Two studies examined the tissue distribution of radiolabeled selenourea (75Se)
administered via injection. Breccia et al. (1966) observed the highest radioactivity in the liver,
kidney, and spleen of rats treated via intraperitoneal injection, while Carr and Walker (1964)
reported the highest radioactivity in the liver, kidney, and lung of rabbits treated via intravenous
In an acute lethality study, Cummins and Kimura (1971) treated Sprague-Dawley rats
(six/dose of unspecified sex) with selenourea and several other selenium compounds via gavage
at unspecified doses and followed for 7-10 days after treatment. The study authors reported an
LD50 of 50 mg/kg (95% confidence interval, 35.7-70 mg/kg) for selenourea. Other selenium
compounds exhibited a wide range of LD50 values in rats that ranged from 7 mg/kg (for sodium
selenite) up to 6,700 mg/kg (for elemental selenium).
Other Routes of Exposure
Badiello et al. (1967) administered a single intraperitoneal injection of selenourea at 0,
0.4, 0.8, 1.6, or 3.0 mg (approximately 3, 5, 11, or 20 mg/kg body weight based on the reported
average weight) to Wistar rats (eight males/dose, weighing an average of 150 g) and observed up
to 3 months following treatment.

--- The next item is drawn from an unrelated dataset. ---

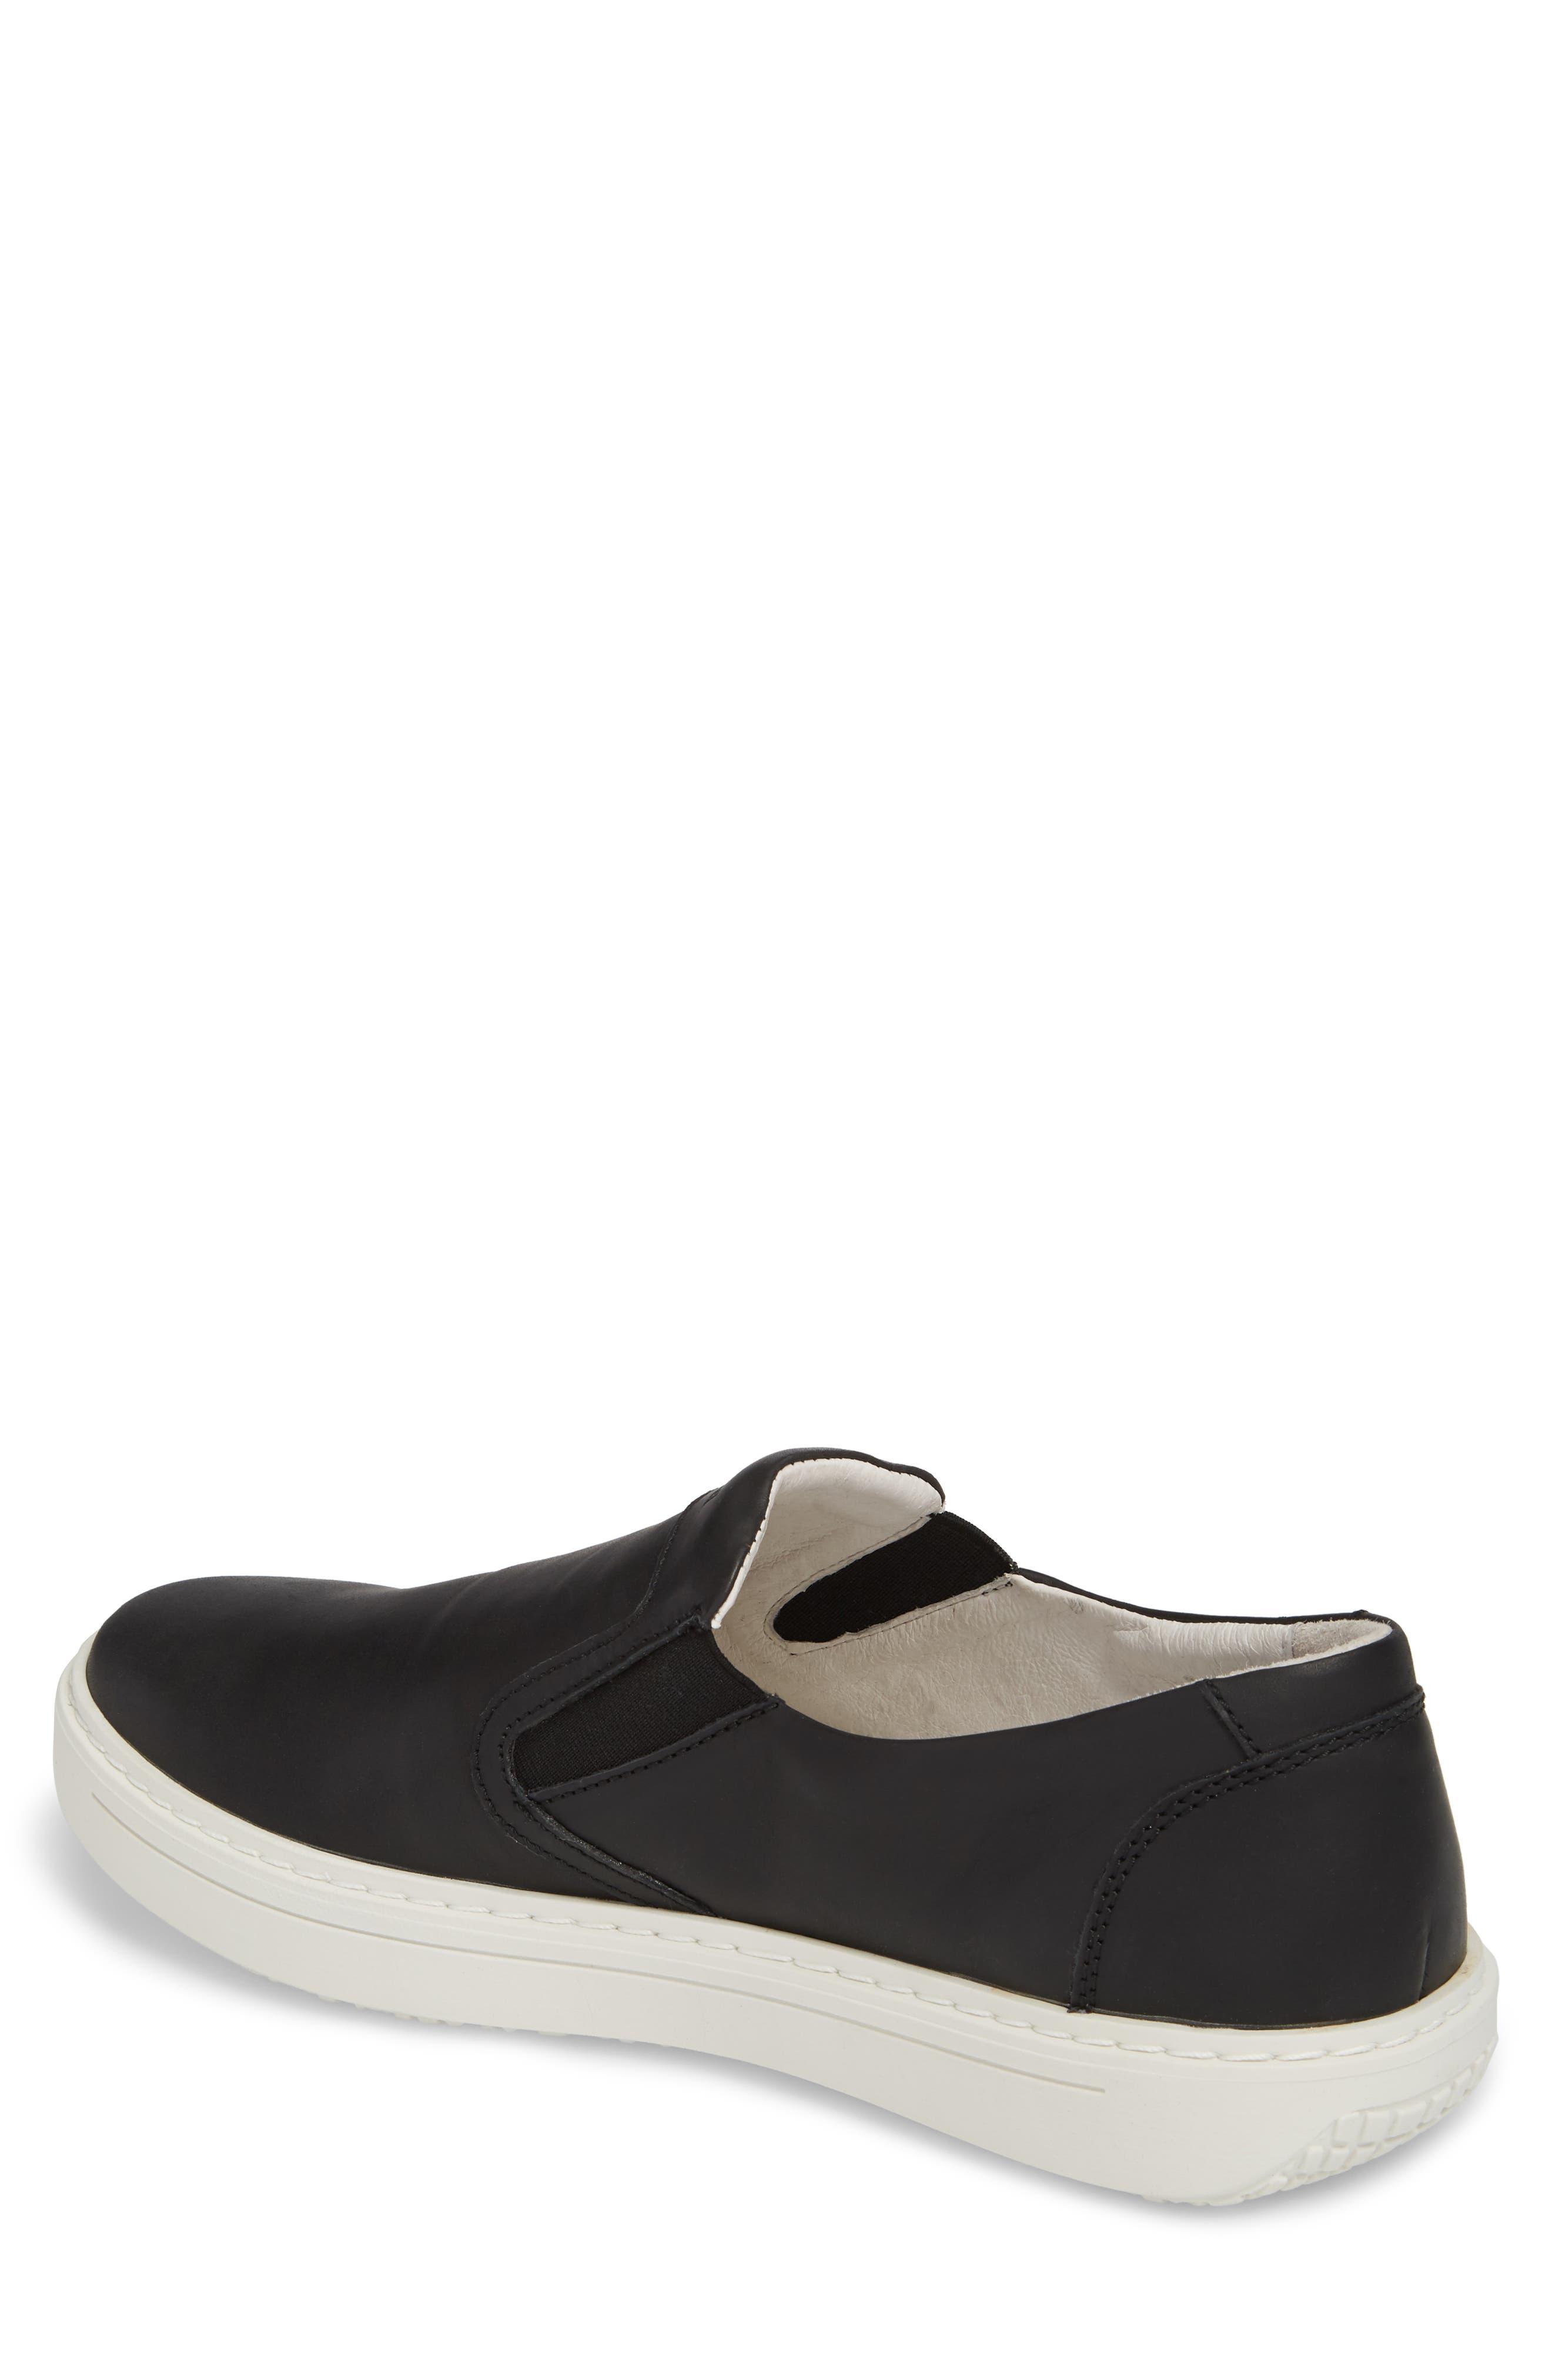 Quentin 15 Slip-On Sneaker,                             Alternate thumbnail 2, color,                             BLACK LEATHER

Clinical signs were monitored throughout the study and
hematological parameters (granulocyte and lymphocyte counts) were measured for the first
6 days. None of the rats administered 0.4 or 0.8 mg selenourea died, and the study authors noted
no changes in physiological activity. Plots of lymphocyte and granulocyte counts over time
showed an increase in granulocytes and a decrease in lymphocytes in rats given 0.8 mg
selenourea 6-12 hours after treatment (data shown for this treatment group only); both cell
counts were comparable to controls thereafter. Rats treated with 1.6 mg selenourea exhibited
sluggishness and a diminished appetite. One rat in this group died; however, the study authors
indicated that no macroscopic visceral changes were apparent. In the 3.0-mg treatment group,
one rat died after 48 hours on study. Surviving rats in this dose group exhibited marked
sluggishness, alopecia, total paralysis of the hind legs, and anorexia with a marked loss in body
weight and accompanying cachexia (physical wasting).

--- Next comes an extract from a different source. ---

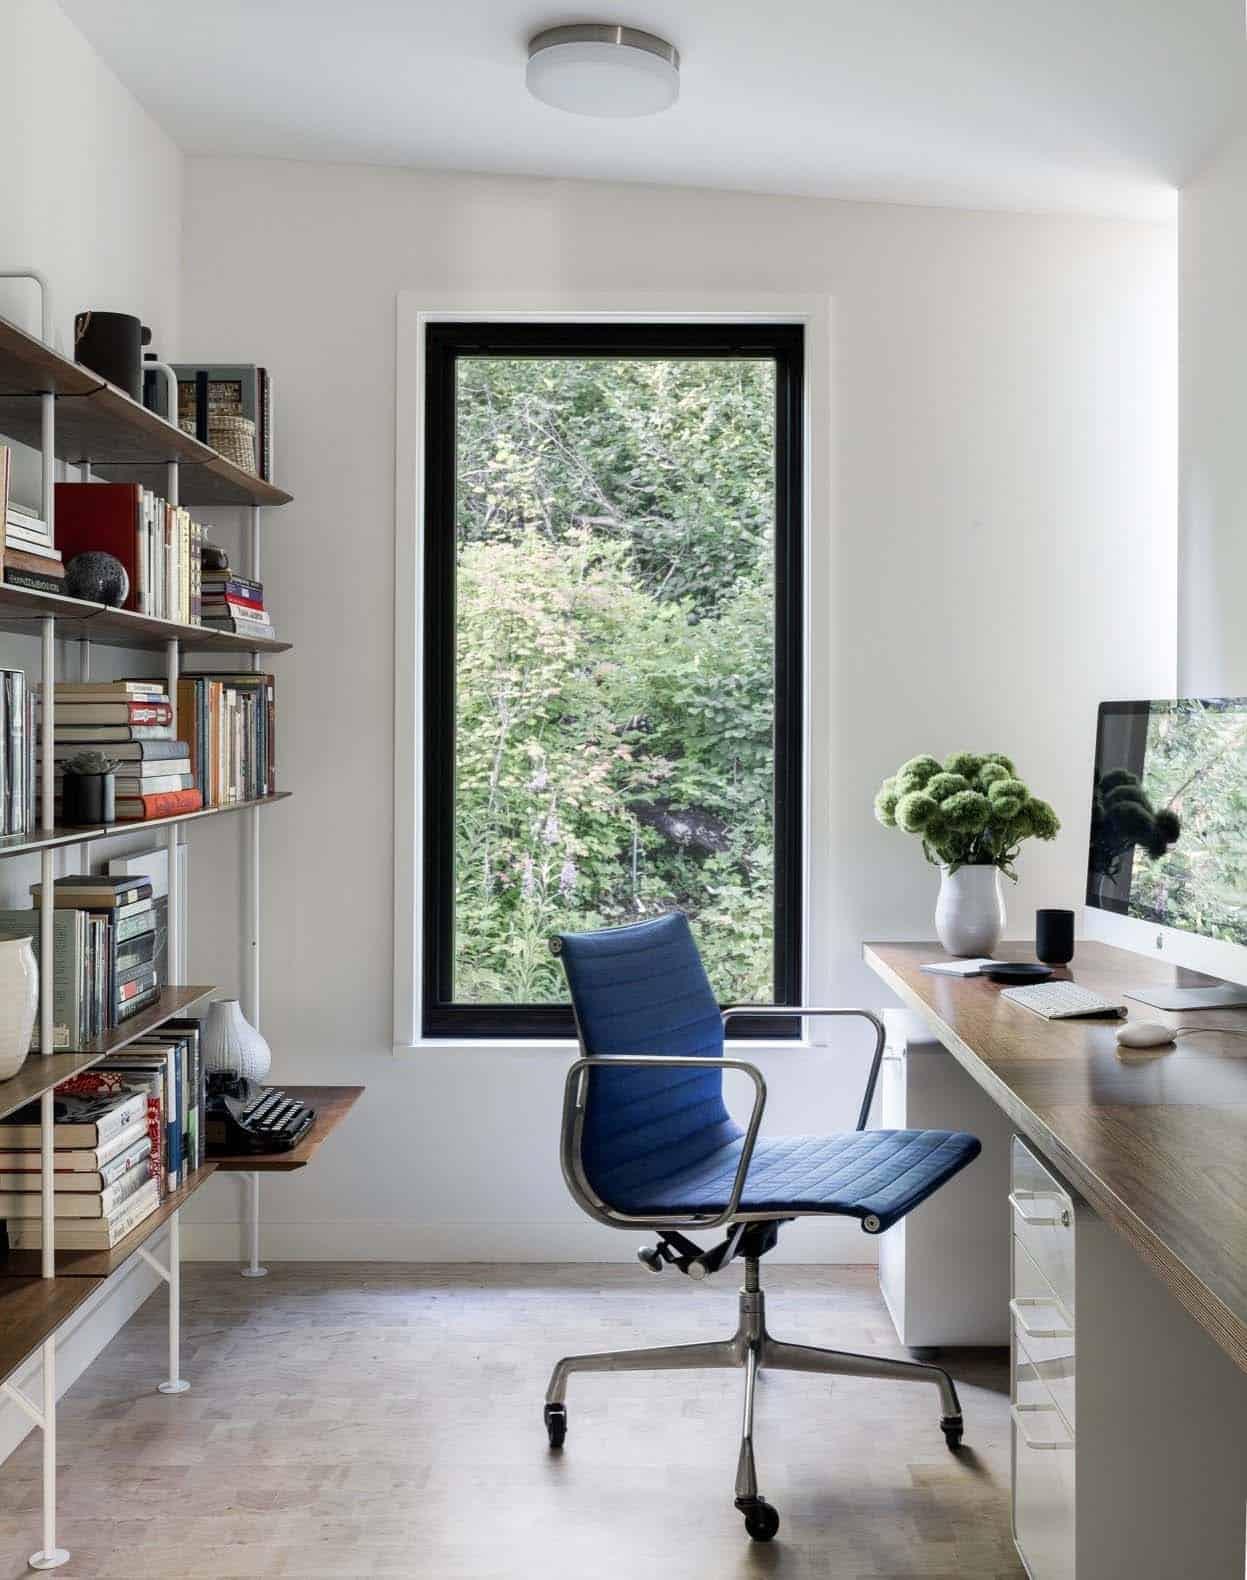 cabane-contemporaine-maison-bureau

Because of the lack of human oral data and the inadequacy of the animal oral data,
provisional RfD values for selenourea cannot be derived. Oral data for selenourea are limited to
two subchronic studies in which selenourea was administered to buffalo calves
(Deore et al., 2002; Dhillon et al., 1990). Buffalo calves were tested because the studies were
initially designed to determine whether chronic selenosis was the causative factor in a disease
(called Degnala disease) observed in cattle and buffalo in India (Dhillon et al., 1990). Neither of
these studies is useful for dose-response assessment because of the atypical animal model
employed, as well as other study limitations, as follows: the sample sizes in both studies were
very small (three to five animals/dose group). The study by Dhillon et al. (1990) includes only
one control animal, and did not conduct any gross or microscopic postmortem examination of
this animal. In the study by Deore et al. (2002), the toxicological evaluations were limited to
clinical signs of toxicity and glutathione peroxidase activity. Finally, each study assessed the

toxicity of selenourea at only a single dose level—and neither study identified a
no-observed-adverse-effect level (NOAEL).

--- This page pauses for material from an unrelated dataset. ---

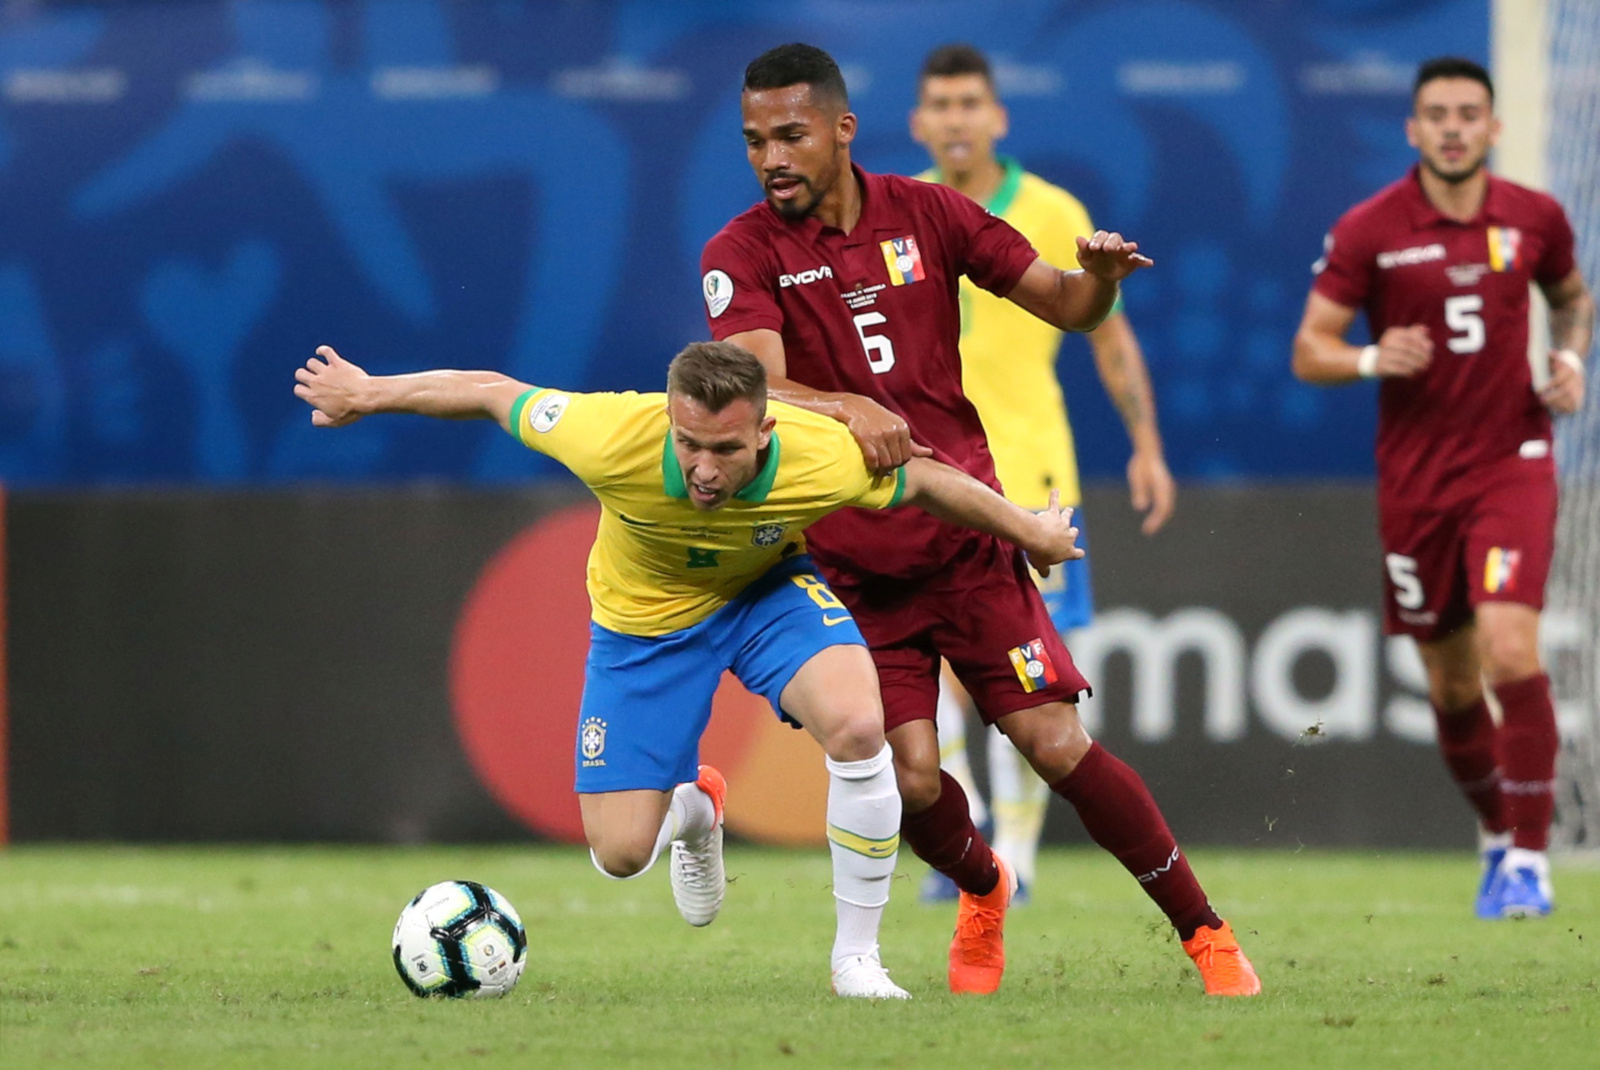 [watch@Soccer 2021-]Brasil vs Venezuela Transmisión en vivo 2021 canales gratuitos de reddit / twitter – Film Daily

Because of the lack of human or animal inhalation data, provisional RfC values for
selenourea cannot be derived
Weight-of-Evidence Descriptor
Under the 2005 Guidelines for Carcinogen Risk Assessment (U.S. EPA, 2005), there is
"Inadequate Information to Assess the Carcinogenic Potential" of Selenourea. There are no
human or animal studies of the potential carcinogenicity of selenourea via any route, and
selenourea has not been tested for genotoxicity.
Quantitative Estimates of Carcinogenic Risk
The lack of available data precludes derivation of quantitative estimates (i.e., p-OSF and
p-IUR) of cancer risk for selenourea.